The model is fit and the maximum result is achieved.


In [117]:
#Fit the model
model.fit(X_train_CNN, y_train,
          batch_size=128,
          epochs=3,
          verbose=1,
          validation_data=(X_test_CNN, y_test))

#Evaluate the model
score = model.evaluate(X_test_CNN, y_test, verbose=0)

#Print the score
print('Test loss:', score[0])
print('Test accuracy:', score[1])


Train on 25671 samples, validate on 8557 samples
Epoch 1/3
25671/25671 [==============================] - 170s 7ms/step - loss: 0.6543 - acc: 0.8582 - val_loss: 0.6123 - val_acc: 0.9000
Epoch 2/3
25671/25671 [==============================] - 170s 7ms/step - loss: 0.5663 - acc: 0.9000 - val_loss: 0.5139 - val_acc: 0.9000
Epoch 3/3
25671/25671 [==============================] - 170s 7ms/step - loss: 0.4549 - acc: 0.9000 - val_loss: 0.3976 - val_acc: 0.9000
Test loss: 0.397608311492
Test accuracy: 0.899999976158

8. Conclusion

Five different implementations of a neural network have been set up, tuned and run.

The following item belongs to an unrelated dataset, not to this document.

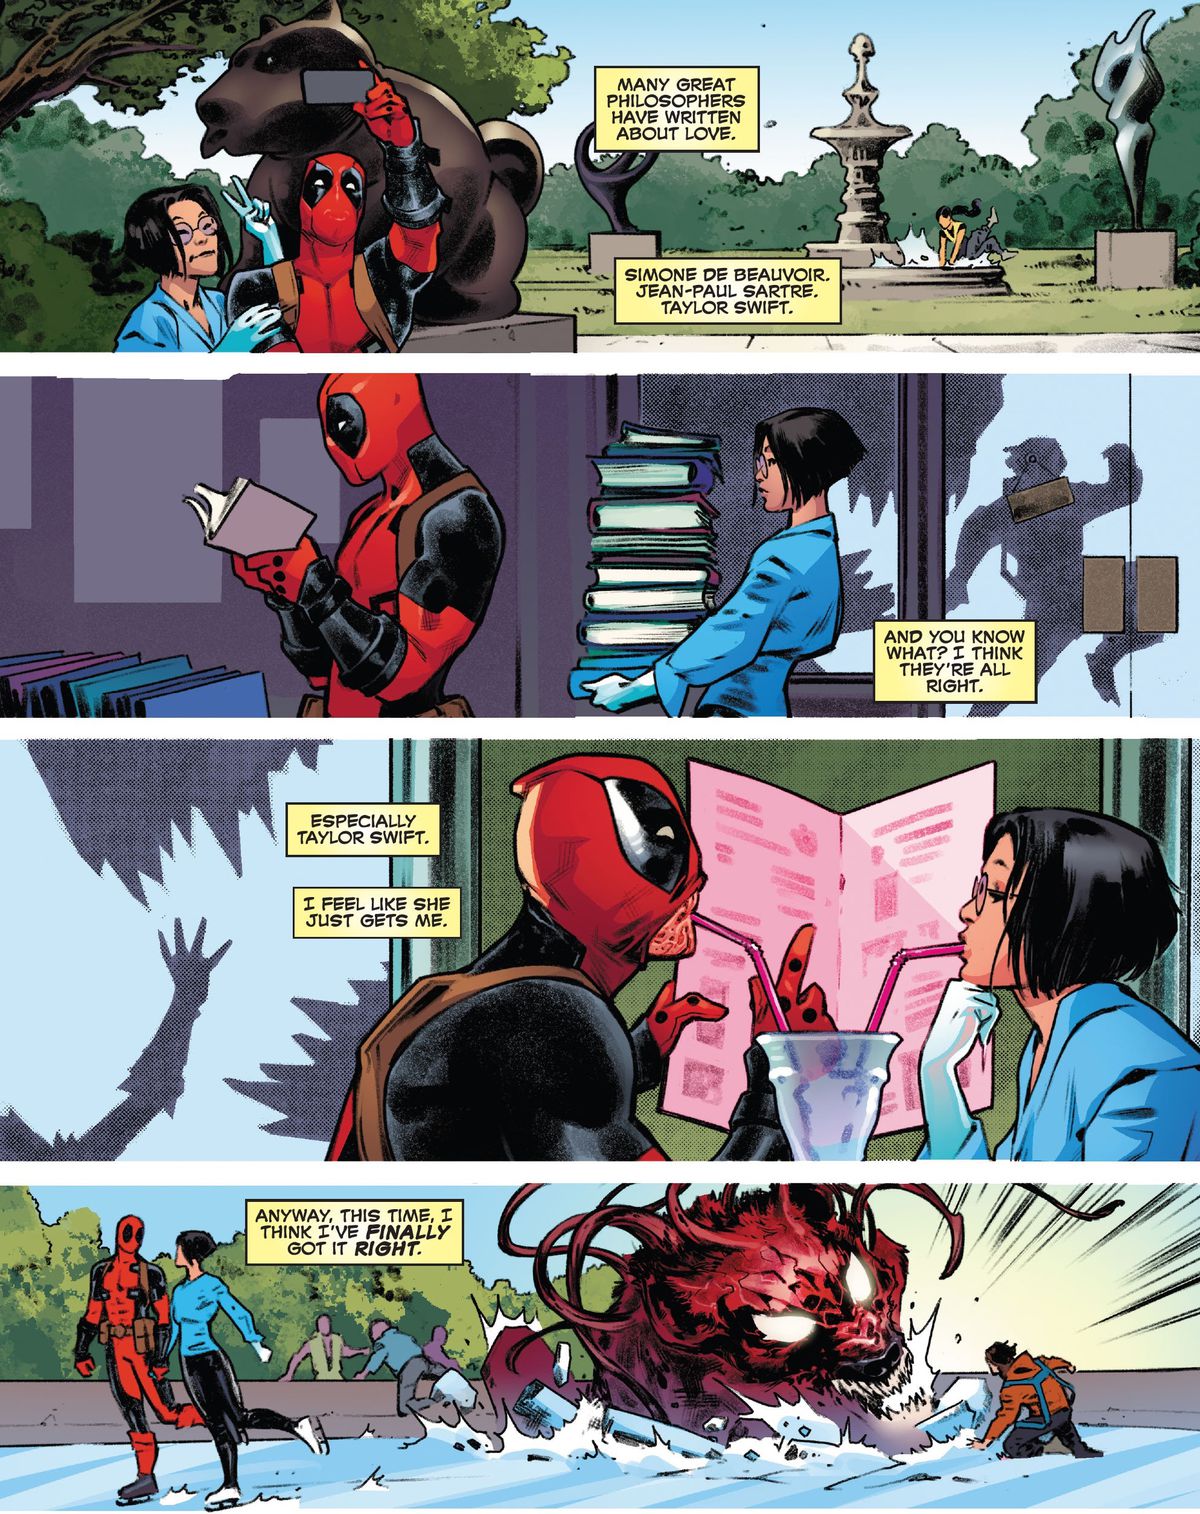 Deadpool et sa chérie, Valentine Vuong, visitent un parc de sculptures, une librairie, un restaurant et une patinoire alors qu'un gros monstre chasse secrètement les gens derrière eux.  La narration de Deadpool réfléchit à la façon dont cette fois, il a finalement réussi à faire l'amour, dans Deadpool # 6 (2023).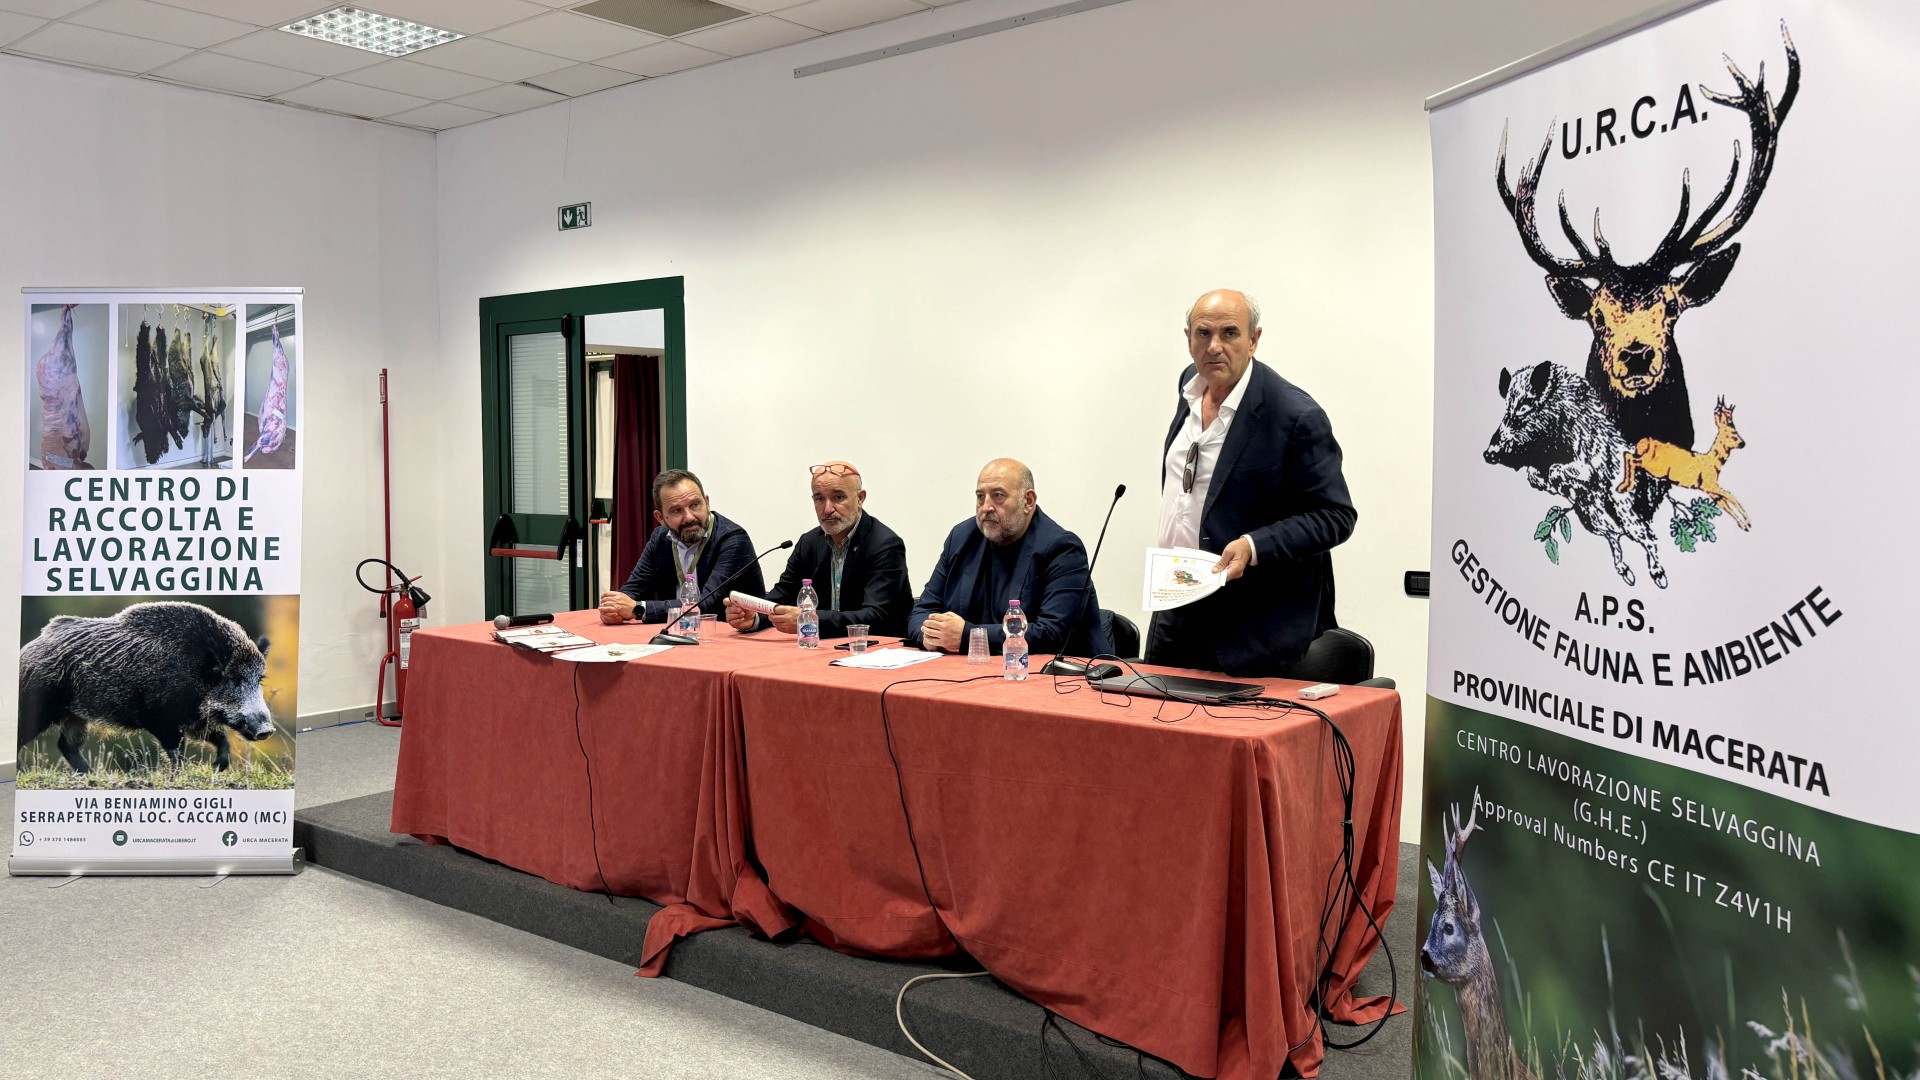 Il progetto di filiera di Regione Marche mette al centro il cacciatore. Non a caso  stato sviluppato insieme all'associazione URCA - Gestione fauna e ambiente

When using LSTM and due to the size of the dataset the model achieves the highest result possible of 90% accuracy. Different parameters have been tunned in a trial and error way, from the to words to the size of the vectors until the maximum overall accuracy has been reached. In this case although the use of more comple models increases computing time, it does not increase the overall accuracy. Dropouts in the models help to reduce overfitting but due to the size of the dataset for these implementations the results are neglible.